`regex_parser` transform doesn't work with nested fields #1812

ghost · 2020-02-16T18:52:38Z

Currently the regex crate which underlies our regex_parser implementation supports only [_0-9a-zA-Z]+ as possible names for captures groups. Thus nested fields of form x.y.z cannot be captured.

For example, the following config unit test

[transforms.regex_parser_nested]
  inputs = []
  type = "regex_parser"
  regex = "^(?P<nested.timestamp>[\\w\\-:\\+]+) (?P<nested.level>\\w+) (?P<doubly.nested.message>.*)$"
[[tests]]
  name = "regex_parser_nested"
  [tests.input]
    insert_at = "regex_parser_nested"
    type = "raw"
    value = "2020-01-01T12:34:56Z INFO hello"
  [[tests.outputs]]
    extract_from = "regex_parser_nested"
    [[tests.outputs.conditions]]
      type = "check_fields"
      "nested.timestamp.equals" = "2020-01-01T12:34:56Z"
      "nested.level.equals" = "INFO"
      "doubly.nested.message.equals" = "hello"

fails with the error

Failed to build test 'regex_parser_nested':
  failed to build transform 'regex_parser_nested': Invalid regular expression: regex parse error:
      ^(?P<nested.timestamp>[\w\-:\+]+) (?P<nested.level>\w+) (?P<doubly.nested.message>.*)$
                 ^
  error: invalid capture group character

I think we need to allow field names containing dots. A simplest option to do this is to fork the regex crate and add support for it there, send a PR to the upstream, and use the fork until the support for dots in capture groups in added to the upstream crate.

The text was updated successfully, but these errors were encountered:

bruceg · 2020-02-20T21:08:47Z

A related issue has been raised on the regex crate here but the last official comment on that one is that "Before implementation, this requires a careful specification." This seems to hint that a PR to arbitrarily add . to the set of allowed characters won't be particularly welcome.

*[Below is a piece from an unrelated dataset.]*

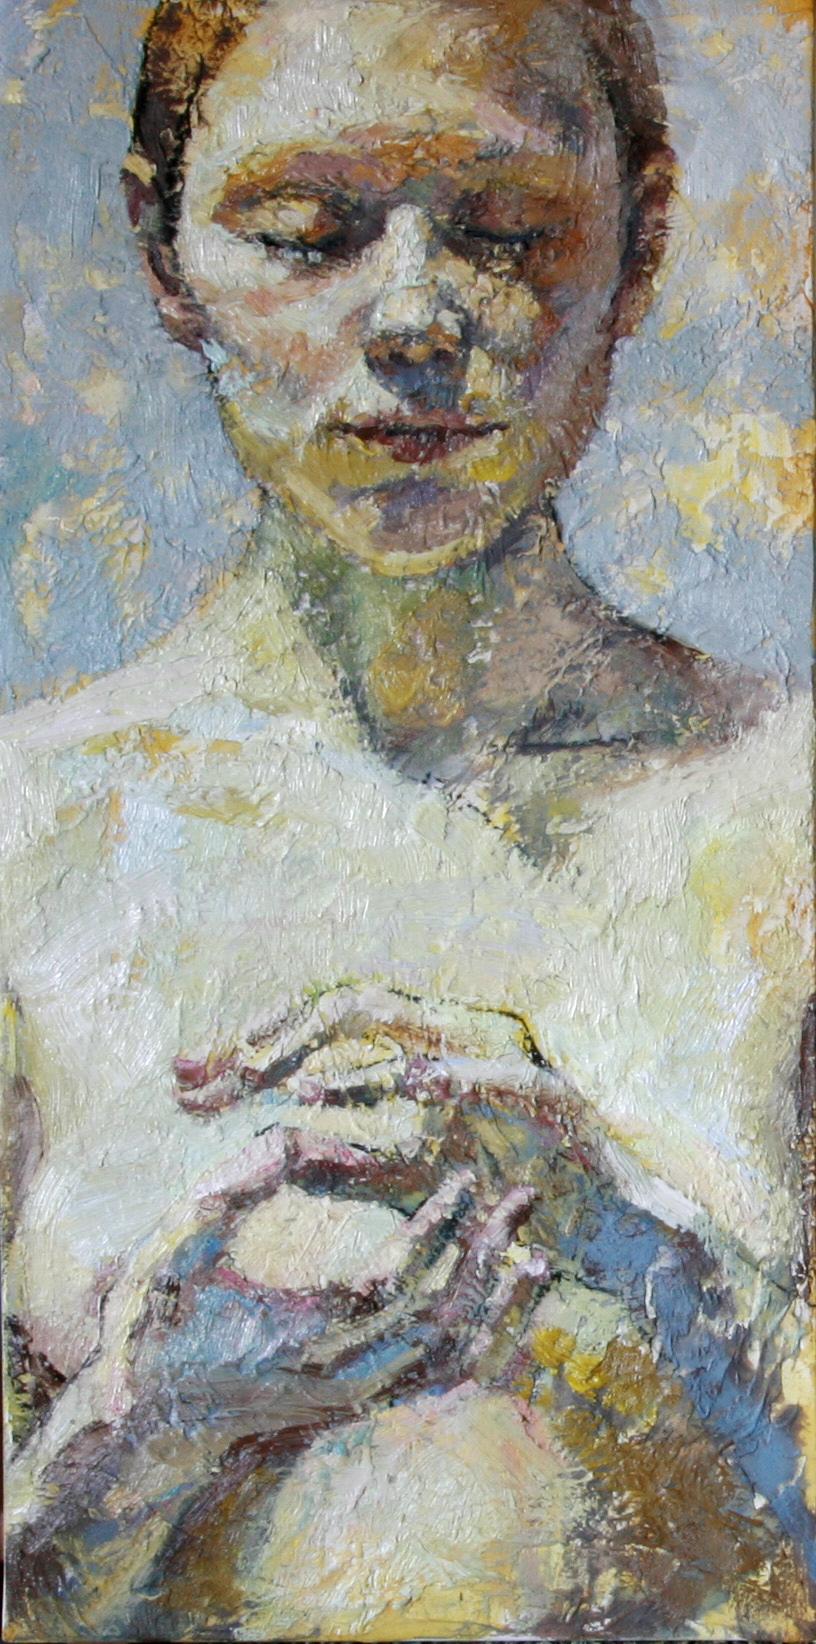 Montse Valdés Portrait Painting - 7-4-11 - 21st Century, Contemporary, Nude Painting, Oil on Canvas

ghost · 2020-02-21T18:17:19Z

@bruceg Yeah, I saw this issue. But I think that maintaining a fork with such a simple change should be fine for now. We can even not send the PR at all, but I think it is better to send it even if it is not going to be accepted, just to signal that there is a demand for such functionality. Alternatively it is possible to encode dots somehow in [a-zA-Z0-9] range and then decode them, but it would be less performant.

By the way, I think that ideally we need to support not only dots, but also [ and ] to make it possible to set array values. What do you think?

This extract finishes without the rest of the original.